An exact restatement of the entire listing is needed, excluding all images.

= Stored data =
+ + +
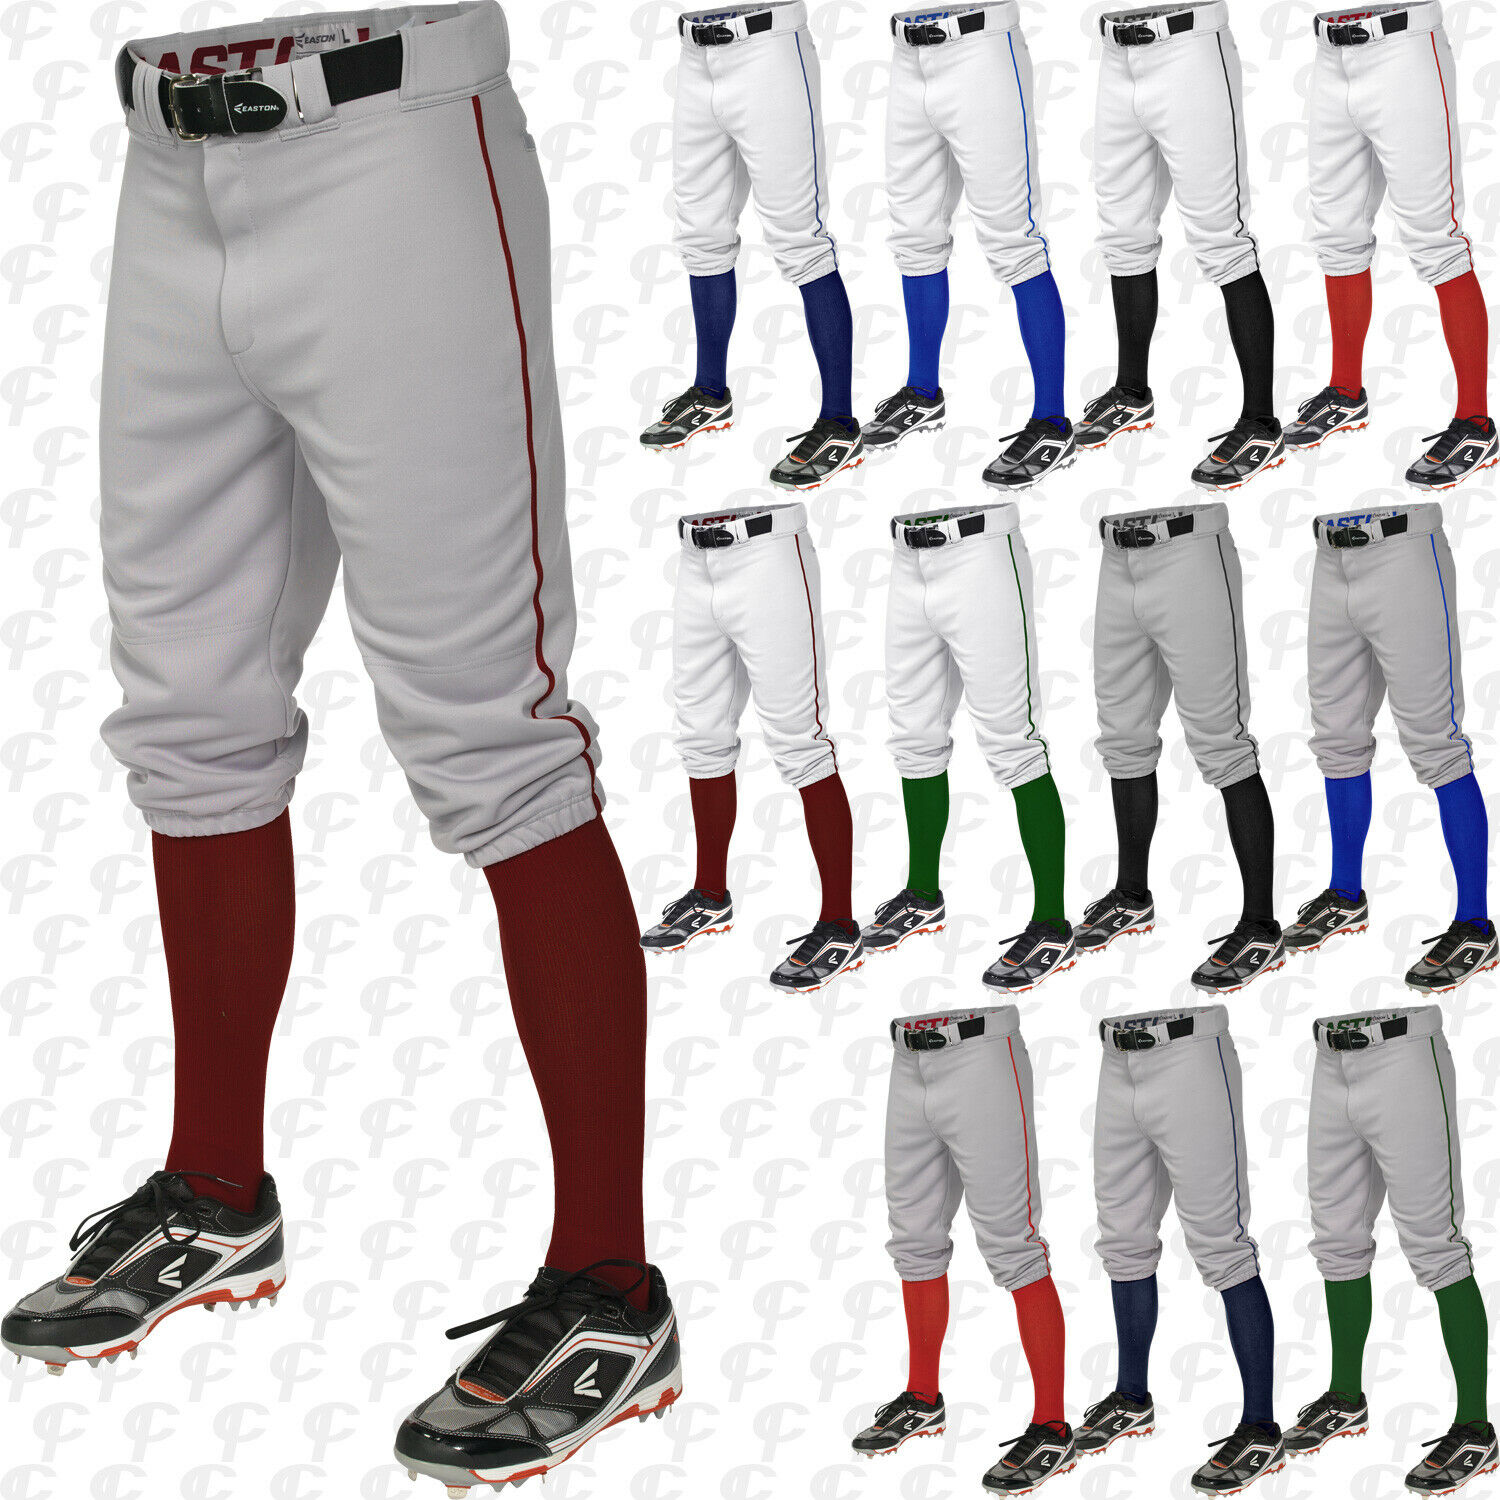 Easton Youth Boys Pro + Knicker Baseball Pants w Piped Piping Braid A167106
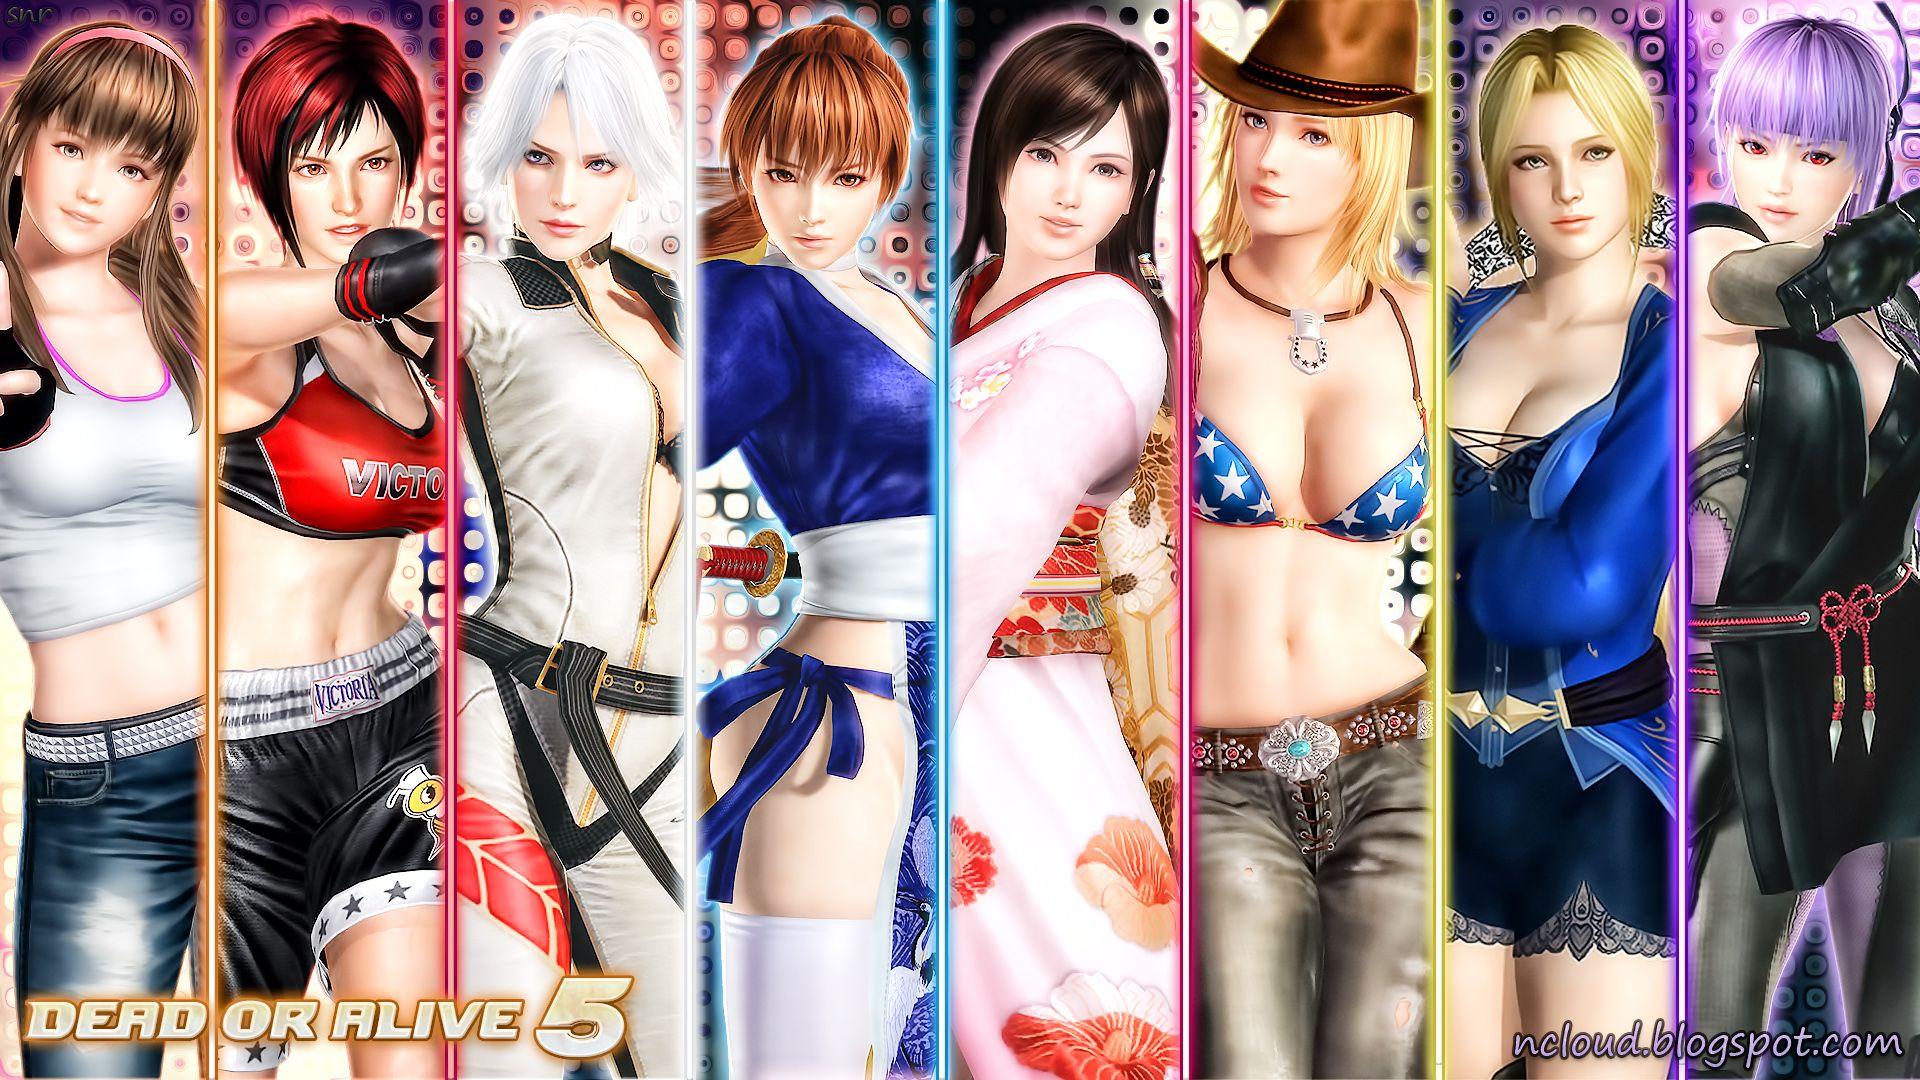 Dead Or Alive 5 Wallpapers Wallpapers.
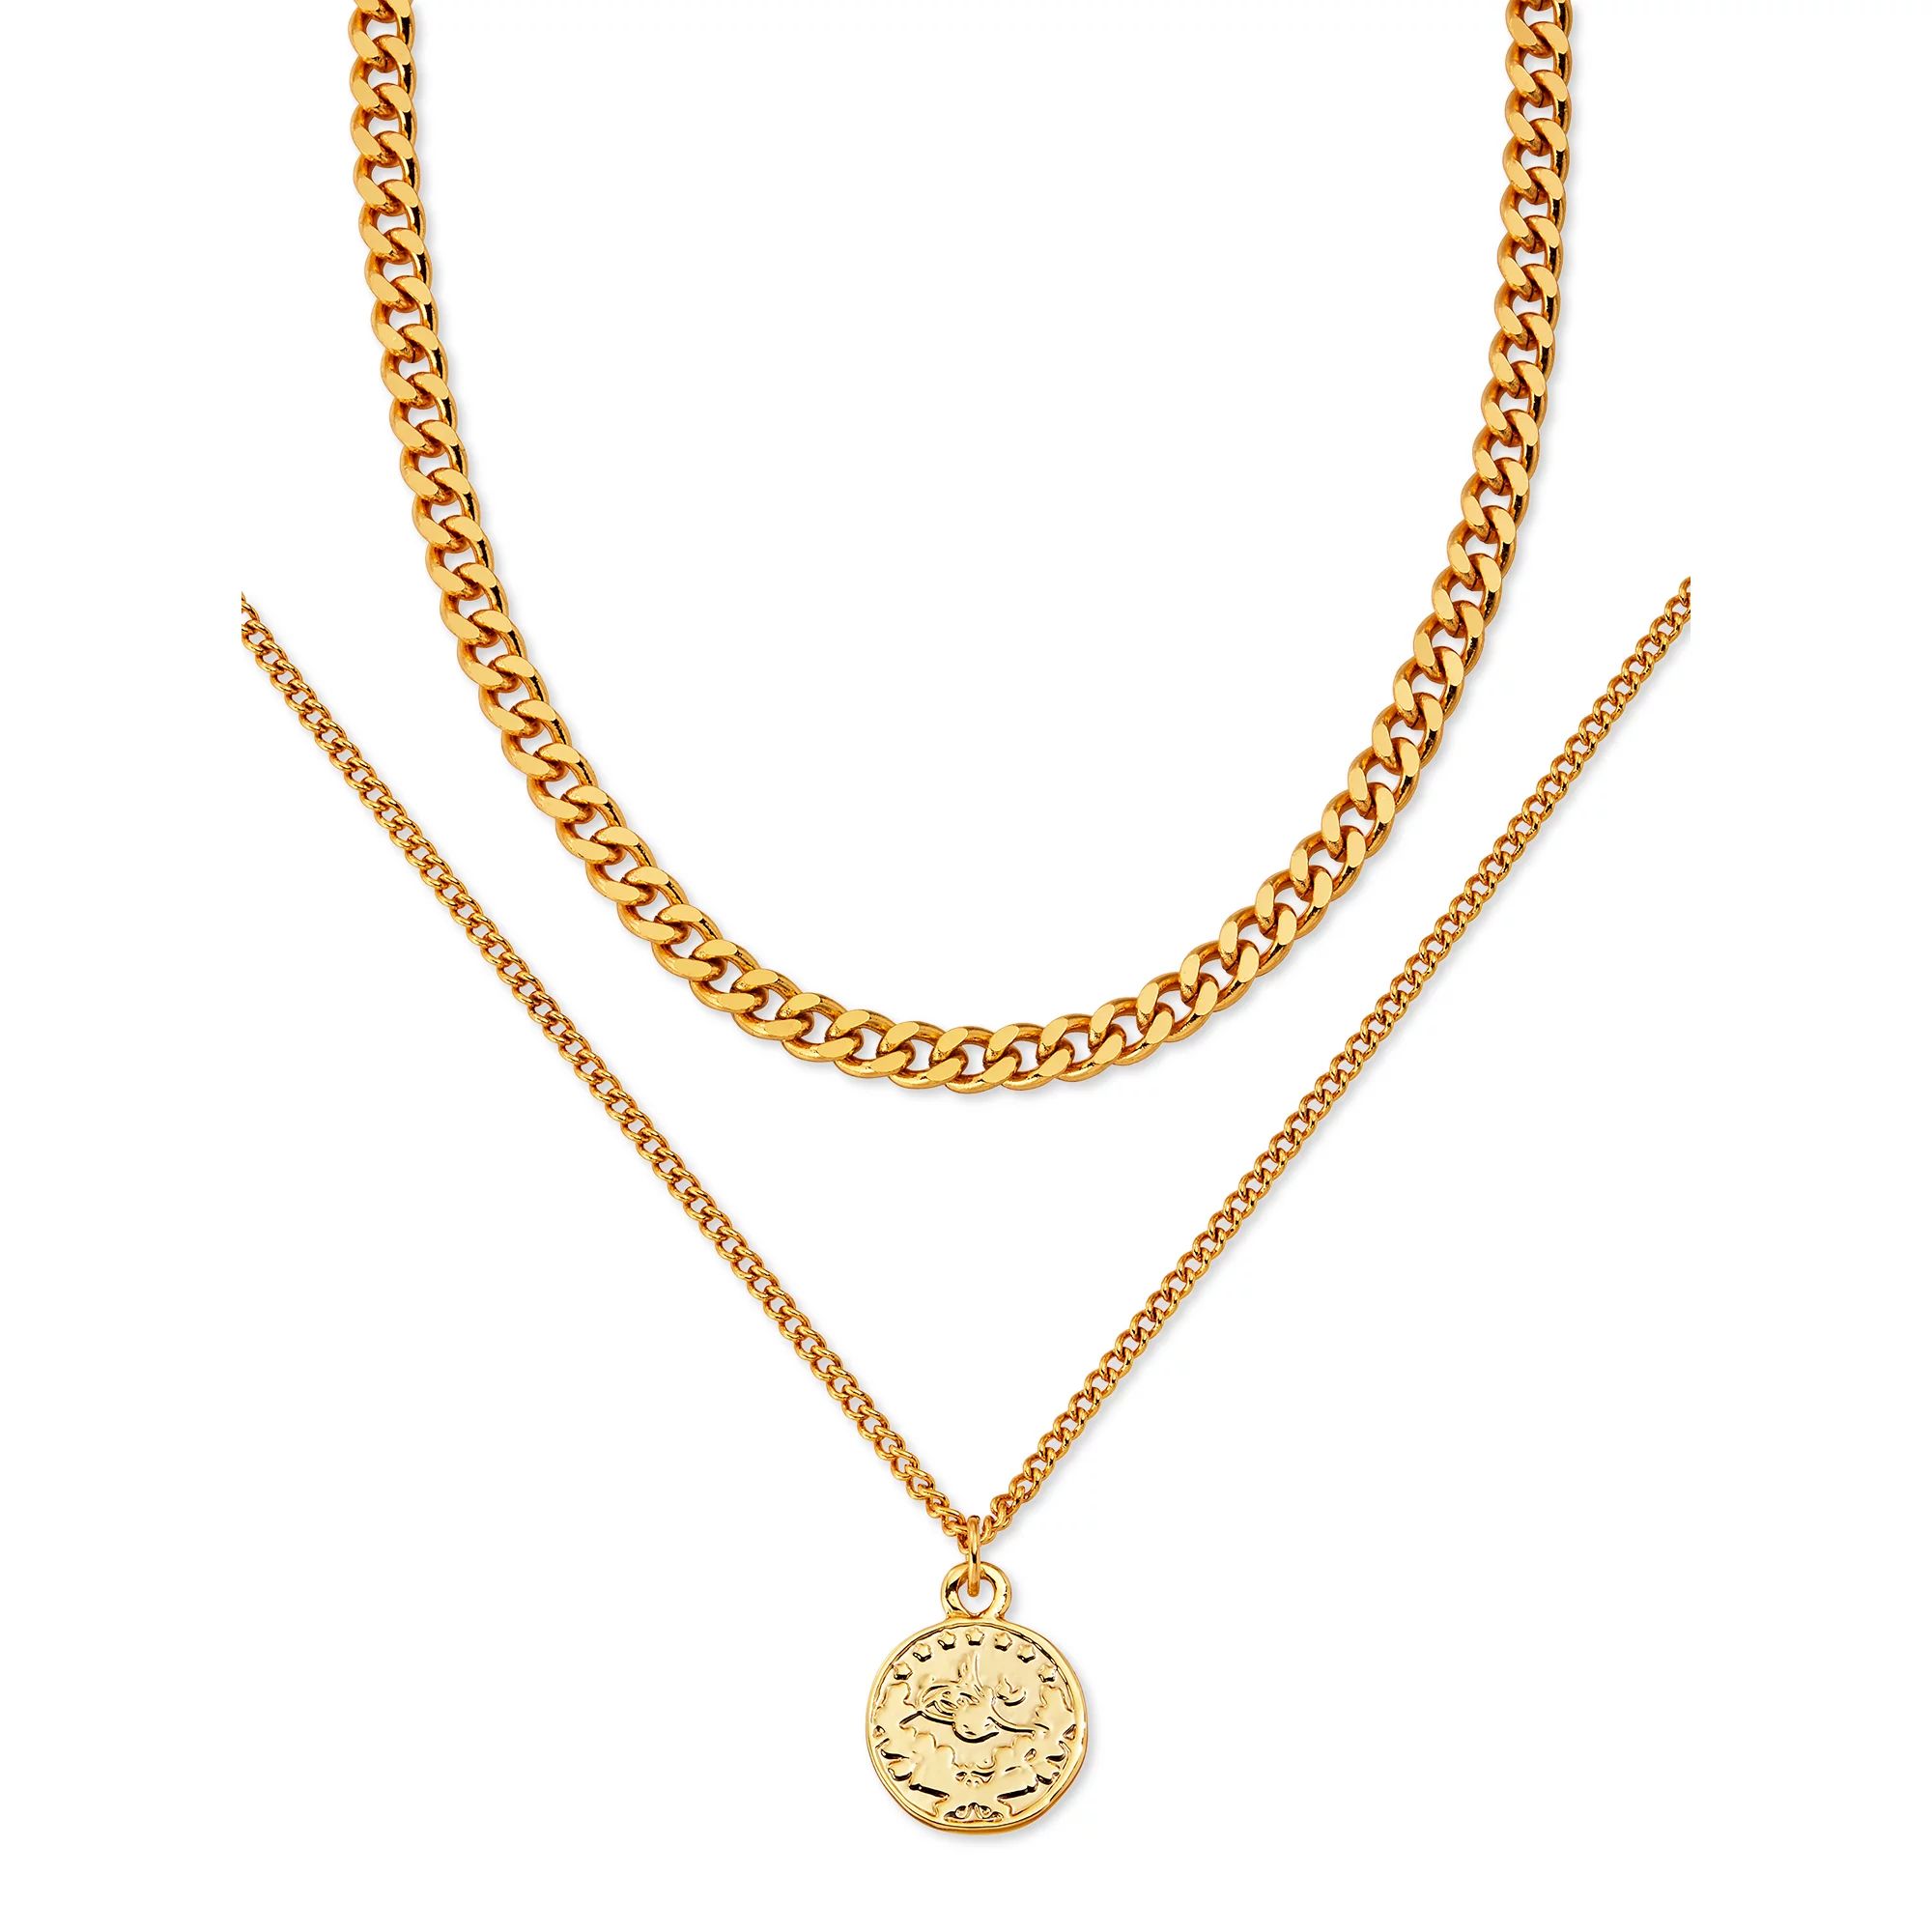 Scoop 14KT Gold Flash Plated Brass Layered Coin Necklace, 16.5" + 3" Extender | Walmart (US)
+ + +
= Reply to the task =
 Easton Youth Boys Pro + Knicker Baseball Pants w Piped Piping Braid A167106
 Dead Or Alive 5 Wallpapers Wallpapers.
 Scoop 14KT Gold Flash Plated Brass Layered Coin Necklace, 16.5" + 3" Extender | Walmart (US)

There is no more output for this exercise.